The company expressed particular concern about data inconsistencies in one generic version, noting that Corrigan-Curay "accepted that significant inexplicable data inconsistencies measuring a drug's exposure levels in the blood could be justified by the supposedly different 'psychological state' of participants at different times." More alarmingly, Vanda reported that "one of the generic versions showed exposure levels more than double those Vanda has obtained for Hetlioz."

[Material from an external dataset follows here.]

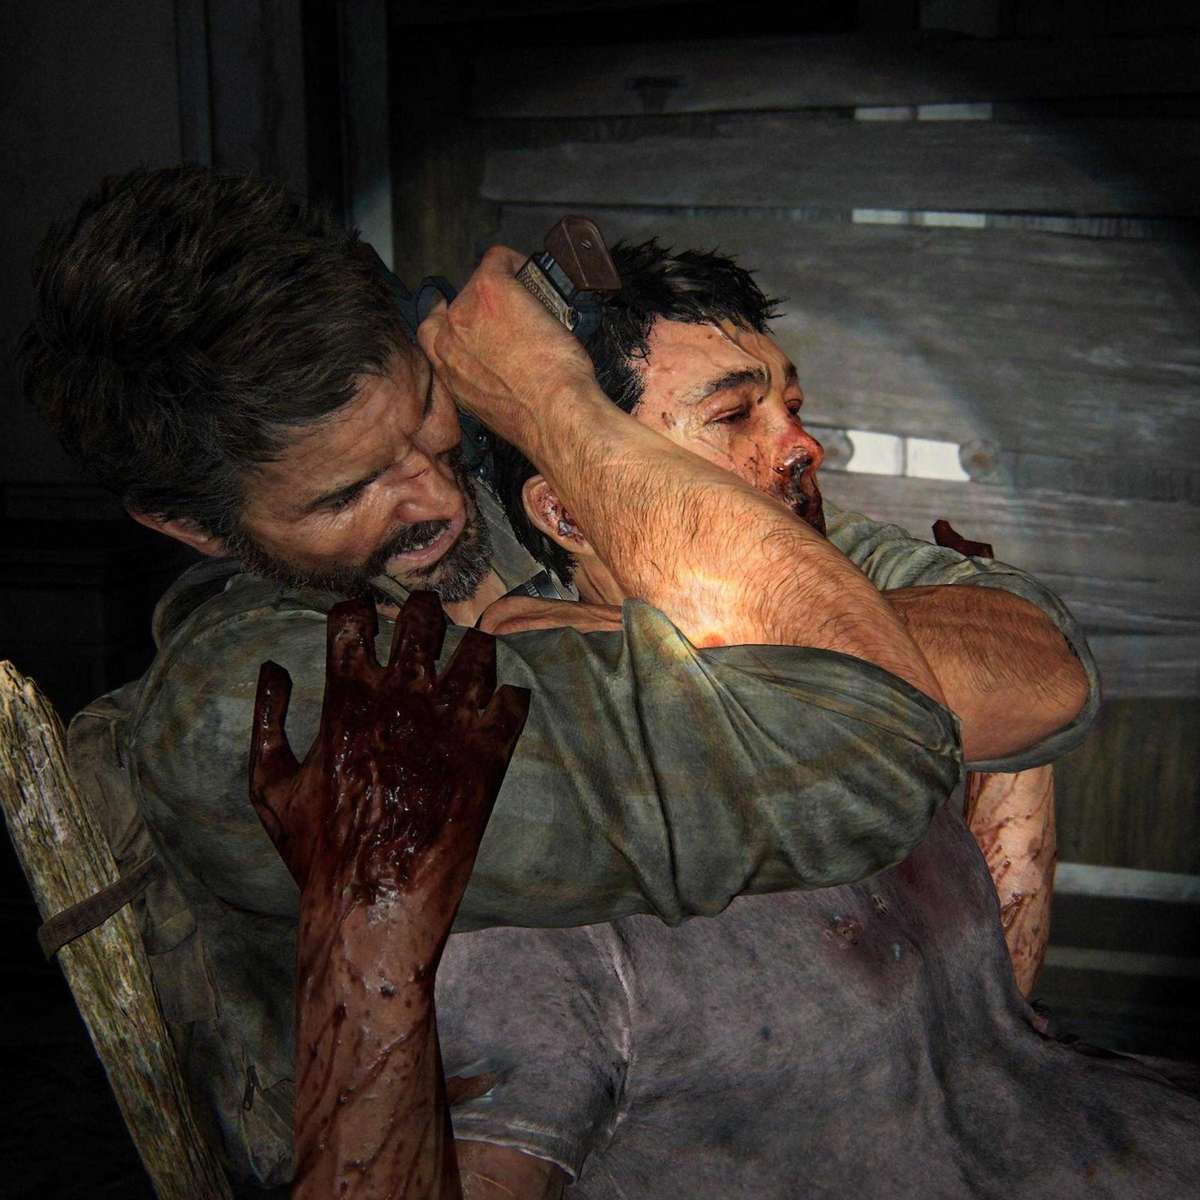 The Last of Us, review da história do jogo. - Origina Conteúdo

Recent Court Victory Strengthens Position
Vanda's appeal to Commissioner Makary comes on the heels of a federal court ruling in the company's favor regarding Hetlioz's jet lag disorder indication. On Monday, a federal court found that Vanda had "clearly offered meaningful evidence of tasimelteon's efficacy in improving sleep disturbance," ruling against the FDA's previous denial of the expanded indication.
The court victory stemmed from Vanda's 2022 lawsuit alleging that the FDA violated the Food, Drug, and Cosmetic Act by failing to grant a hearing within 60 days of the company's request. The court has now passed the matter back to the FDA, which Vanda expects will either issue an approval for Hetlioz in jet lag disorder or grant the requested hearing.
Systemic Concerns About Generic Drug Oversight
Vanda's challenge reflects broader concerns about FDA oversight of generic drug approvals. The company referenced Katherine Eban's 2019 book "Bottle of Lies: The Inside Story of the Generic Drug Boom," which exposed serious flaws in generic drug regulation. Vanda argued that this "unacceptable culture of bias toward approving generic drugs regardless of whether they meet the requisite legal and evidentiary standards" continues to endanger "the well-being of American citizens."
Call for Leadership Change
In its appeal to Commissioner Makary, Vanda emphasized the need for regulatory reform, stating: "It is time that the rule of law return to the FDA under Dr. Makary's leadership. Agency personnel must abide by the law and Commissioner priorities."
The company expressed frustration with the FDA's bureaucratic processes, noting that "FDA bureaucrats have suggested that the Office of the Commissioner (not the Commissioner) will take two months to decide whether the Office of the Commissioner will review the merits of this decision."
About Hetlioz
Hetlioz (tasimelteon) is a melatonin receptor agonist designed for oral administration that was first approved in 2014 for sleep-wake disorder. The FDA has previously granted approvals for several generic drugs containing tasimelteon, including MSN Pharmaceuticals' version in May 2020 and Teva Pharmaceuticals' version in September 2021. In both cases, the FDA informed the companies that their products use patent-protected technologies and would need to delay market entry until patent protections expire.